Sedition laws may lead to a constitutional crisis due to the vague wording of the legislation, the pro-independence Hong Kong National Party said on Thursday. Pro-establishment lawyers have said the party may be violating sections of the Crimes Ordinance, which cover seditious offences, but the National Party says the legislation is too indeterminate to be applied.
Eleven lawyers, including pro-establishment Business and Professional Alliance’s Priscilla Leung, signed a statement on Wednesday opposing Hong Kong independence, saying that Hong Kong independence disregarded the law, history, culture, national feelings and political reality.
The pro-independence party responded on Thursday, saying that, “after the transfer of sovereignty, when it is transferred from a monarch to a government (or a party), there will be a lot of indeterminate points in the law.”

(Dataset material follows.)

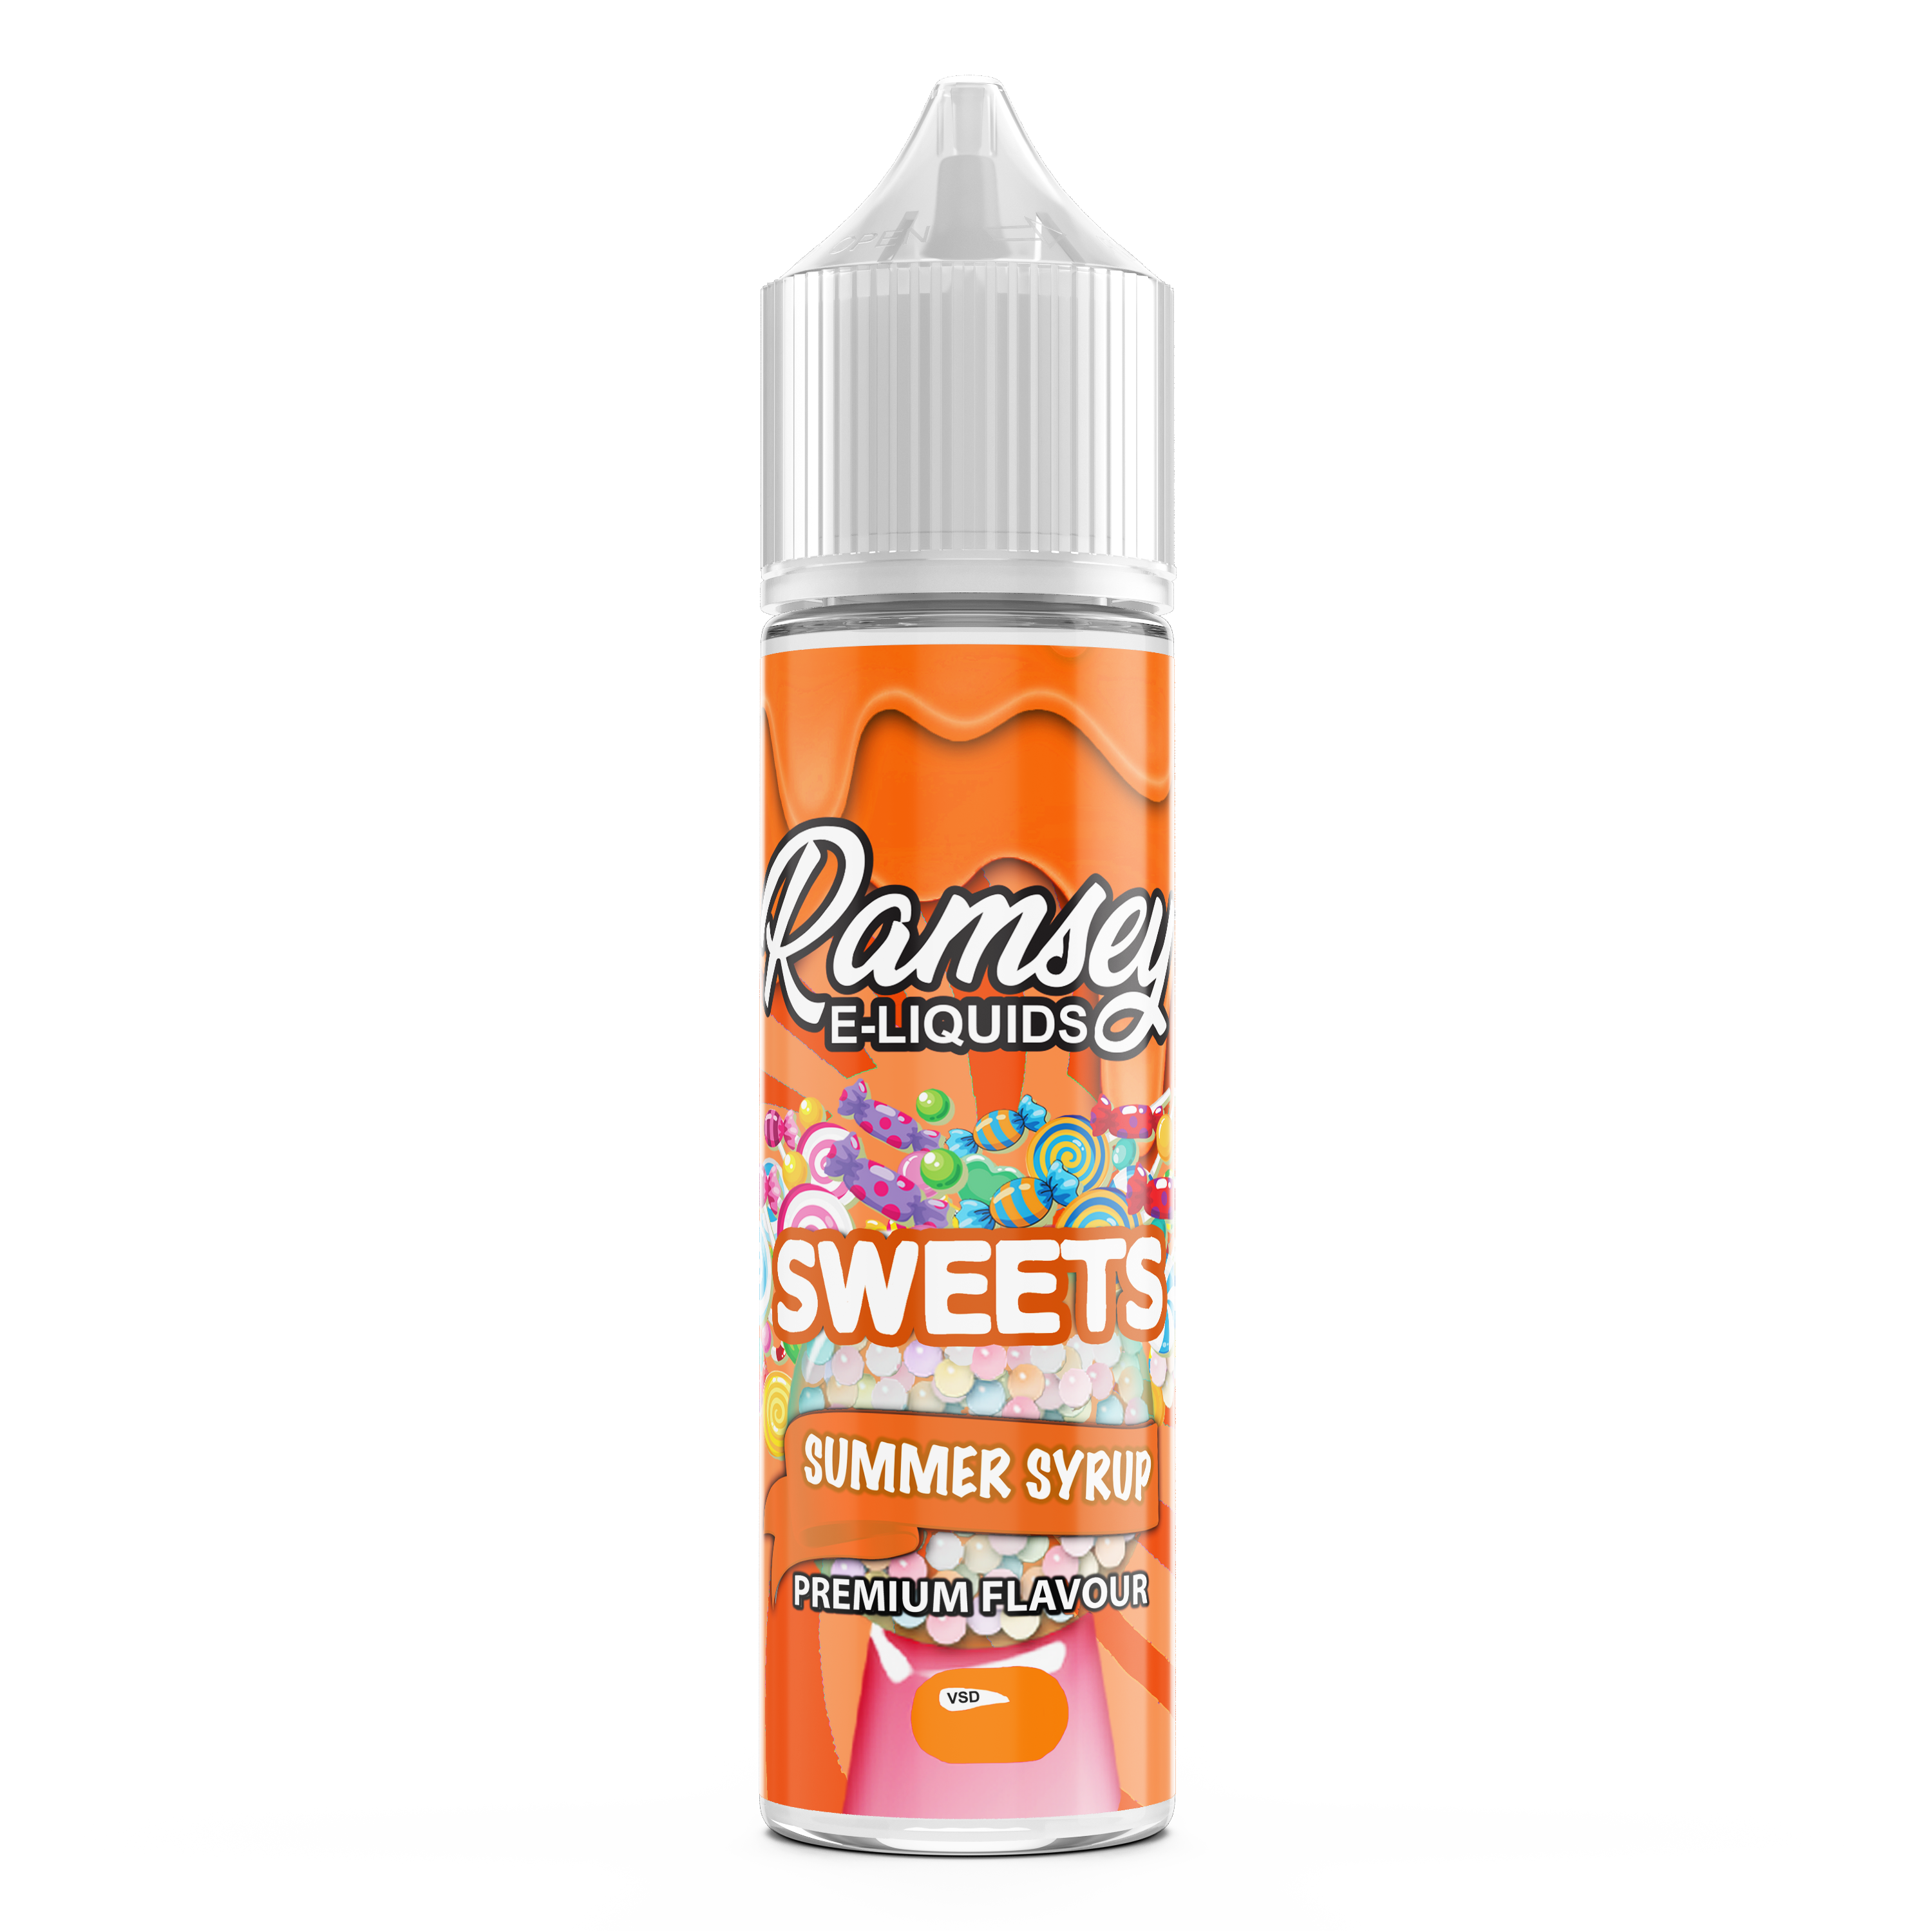 Ramsey E-Liquids Sweets: Summer Syrup 0mg 50ml Shortfill E-Liquid

“Simply interpreting these terms as ‘the central government’, from a colonial power, is crude,” they said, referring to the reinterpretation of the term “Her Majesty” to different aspects of the state after 1997, as specified in the Interpretation and General Clauses Ordinance.
The term “Her Majesty” carried multiple meanings, but it was unnecessary to differentiate between the three definitions since they all ultimately referred to the Queen herself.
The party said that until the day it is taken to court for violating sedition laws, nobody will know what the law means or what the consequences are. “We ask Hongkongers to see whether the Hong Kong communist regime is going to cooperate with us to detonate this constitutional crisis.”
Kevin Yam Kin-fung, a solicitor and a member of the Progressive Lawyers Group said on Commercial radio on Thursday that he did not see any justification for the Department of Justice to prosecute the party as Hong Kong was protected by freedom of speech through laws and international agreements.